Data block>
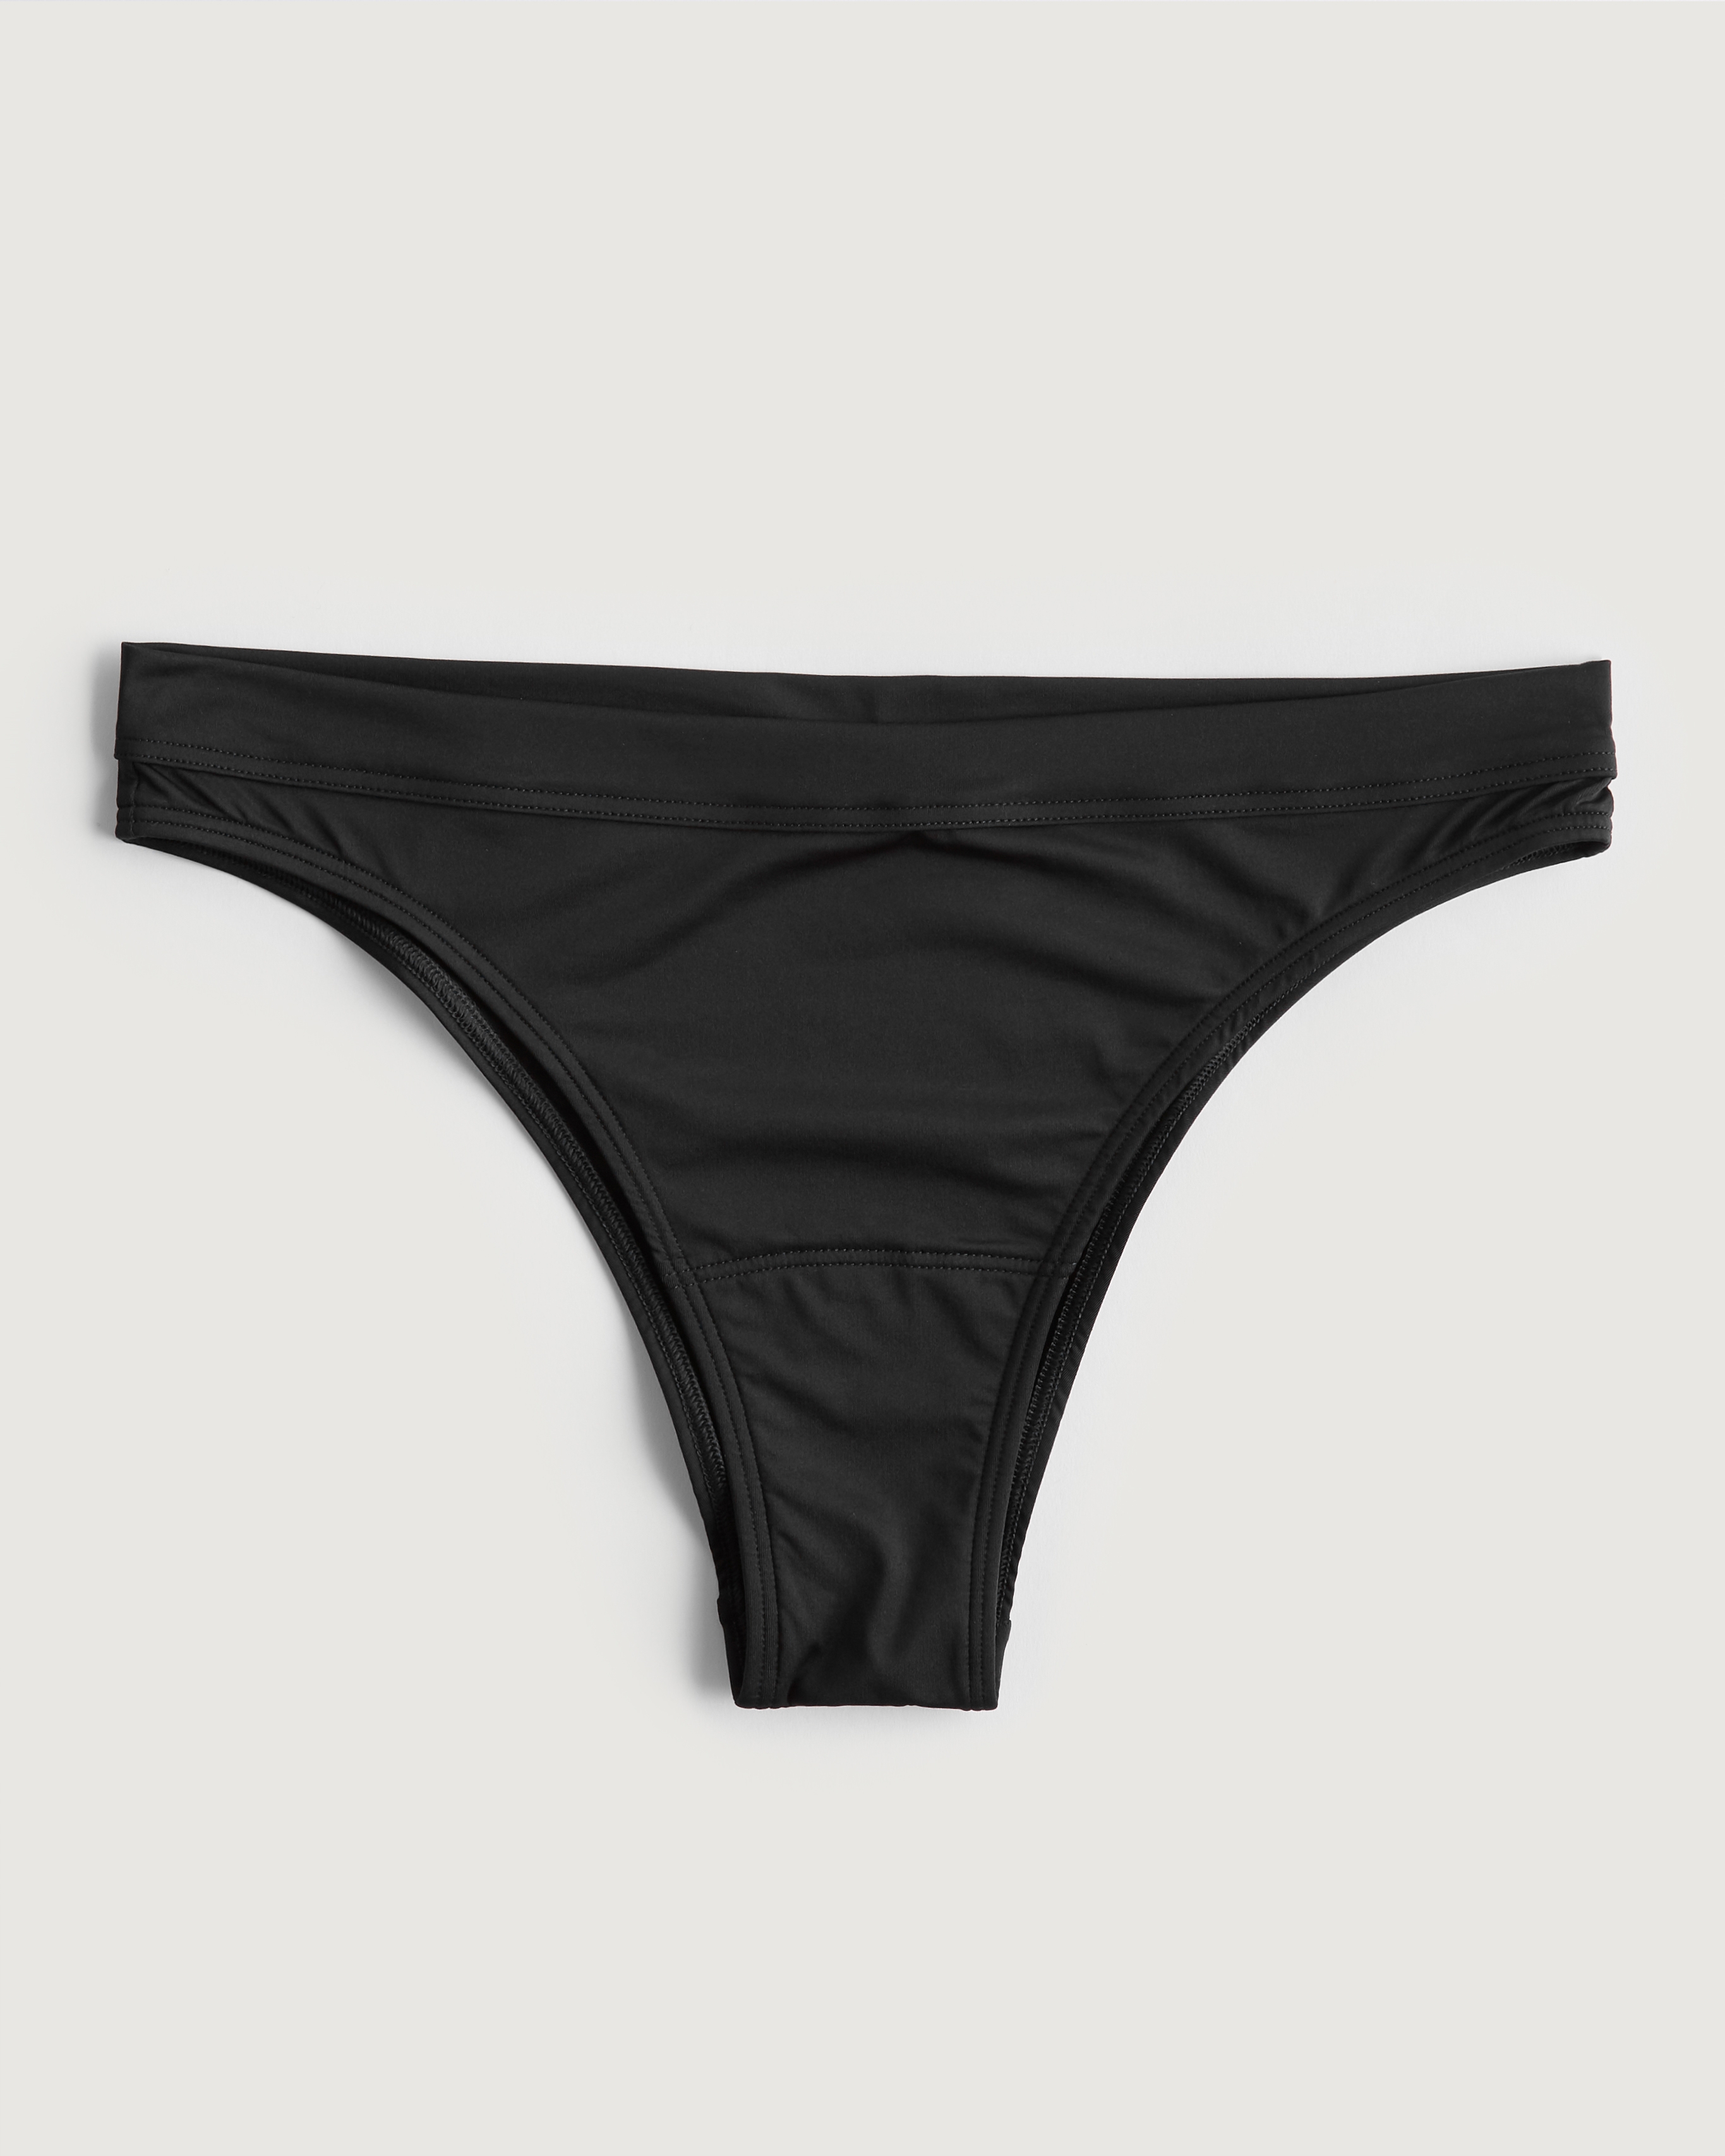 gilly hicks sydney underwear
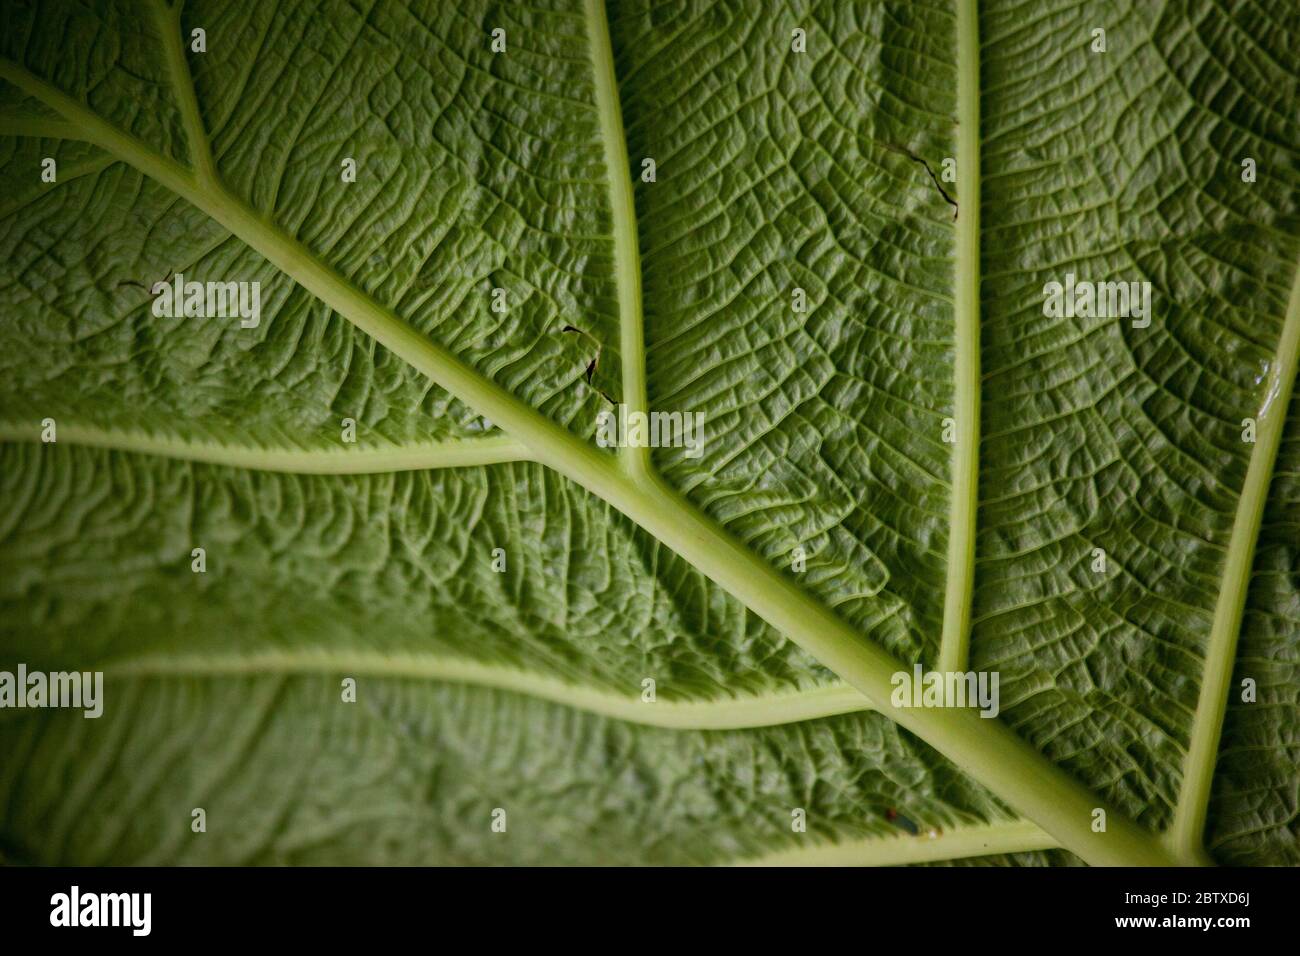 Côtes de feuilles arty sur une grande feuille dans le sous-étage de la forêt tropicale luxuriante dans le parc national de la Amistad, province de Chiriqui, République du Panama. Banque D'Images
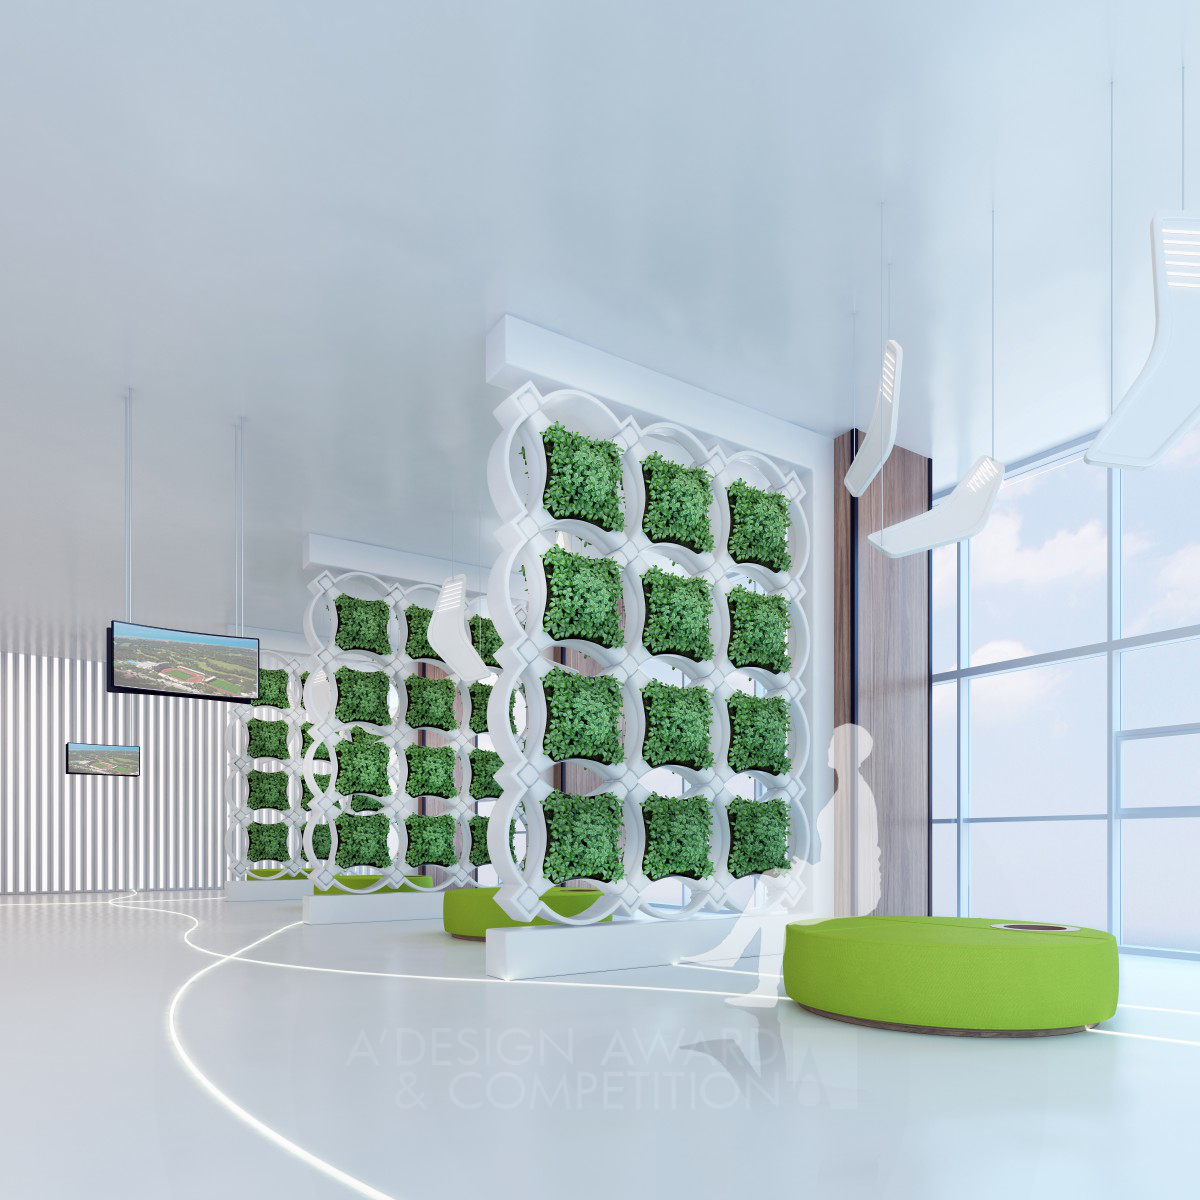 GreeneryPann Green interior panel by Nazlı Nazende Yıldırım

Activity>
Return the listing exactly as it appears, excluding any image.

Response for this exercise>
 gilly hicks sydney underwear
 Côtes de feuilles arty sur une grande feuille dans le sous-étage de la forêt tropicale luxuriante dans le parc national de la Amistad, province de Chiriqui, République du Panama. Banque D'Images
 GreeneryPann Green interior panel by Nazlı Nazende Yıldırım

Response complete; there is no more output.